2022-04-27

2022-04-27, Wednesday

Teaching my regular classes at the Ross Farnsworth - East Valley YMCA.

There were only two students in class tonight, but that meant extra attention where attention was needed. Outside block (soto ude-uke) is troublesome for most. It’s a complicated motion and most tend to drop the arm into a sort of scooping motion (not unlike move 16 in Heian Nidan). With adults, I draw an analogy to the motion of putting on your seat belt, where you reach back behind yourself to grab the buckle tab and then draw it down and across your body. That doesn’t tend to work with children though, so instead we just practice the motion over and over again in the mirror. We concentrate on the starting position of the fist and the elbow because once those two points are right, everything is right.

Kicking is another source of frustration for some, since it’s difficult to get all three necessary steps in order, and do so at speed: Knee up, snap out and back, foot down. Oftentimes the leg snaps out before the knee comes up, resulting in a “scoop kick” or the knee doesn’t come up at all, resulting in a kick that’s maybe ankle high. The only way I’ve found to combat this is simply repetition. Up, out & back, down. Up, out & back, down. There’s no secret - just repetition.
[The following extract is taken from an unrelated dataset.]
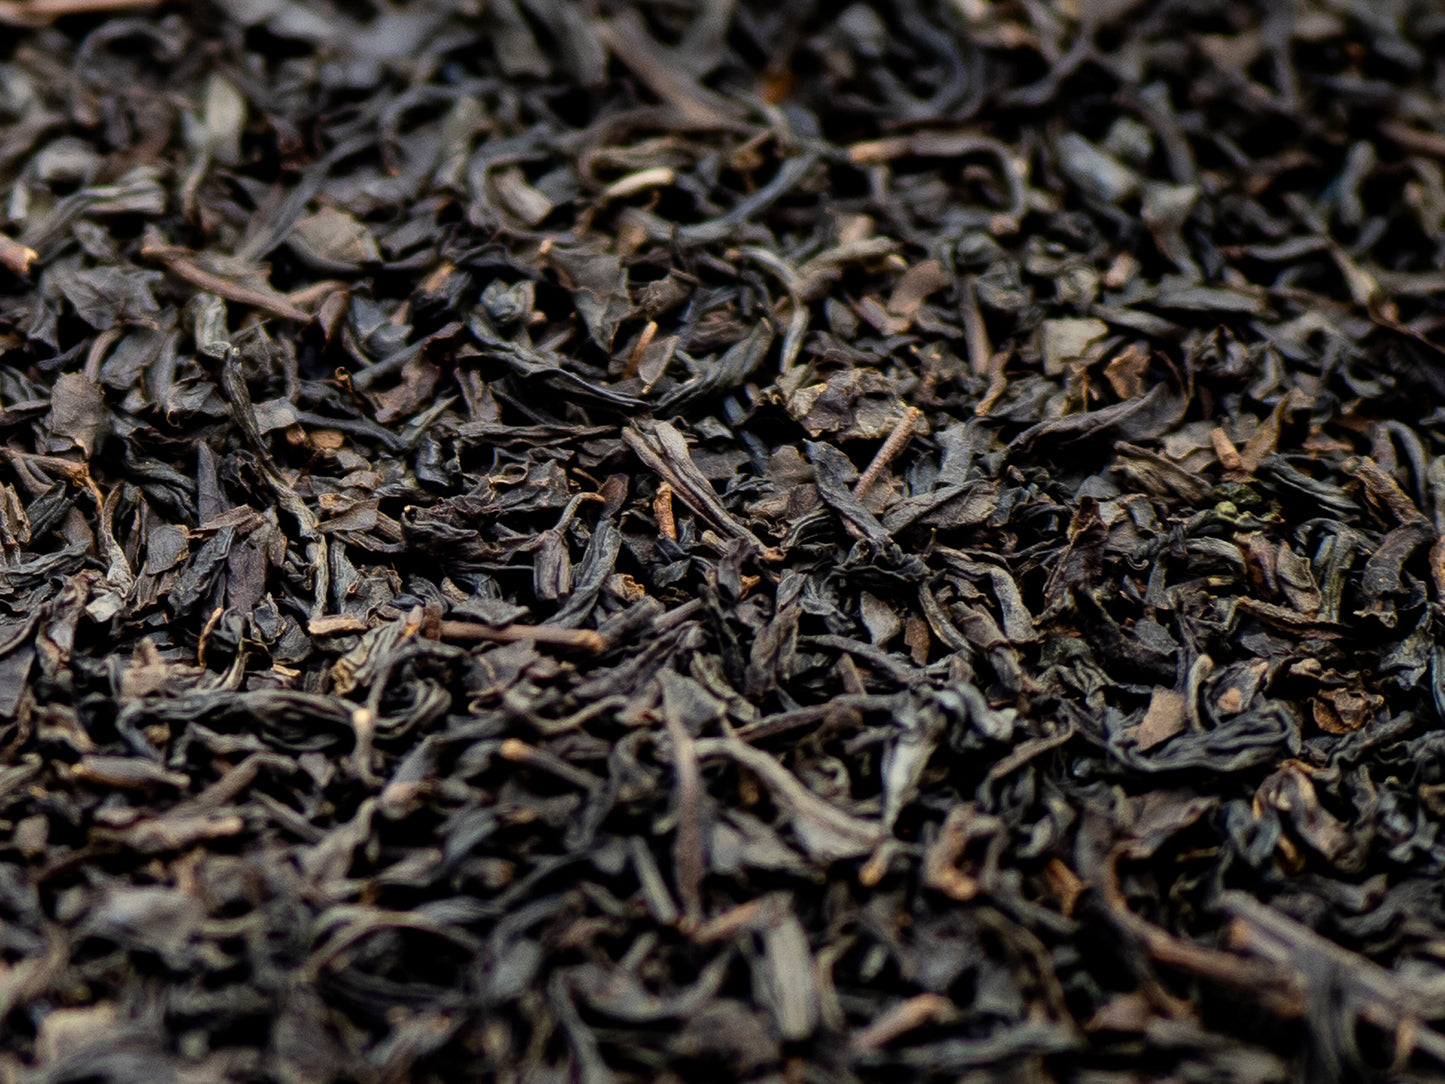 Lapsang Souchong loose tea from TEA23

Everyone eventually “gets it.”

Kata is coming along nicely as well. Both students were able to get through the gross motor motions of Taikyoku Shodan - their arms and legs end up in the right spot. They don’t have it completely memorized yet, but they remember the consituent pieces and can generally make the “shapes” required to get through it. Now we’re moving on to fine tuning and tonight’s focus was using both hands every … single … time.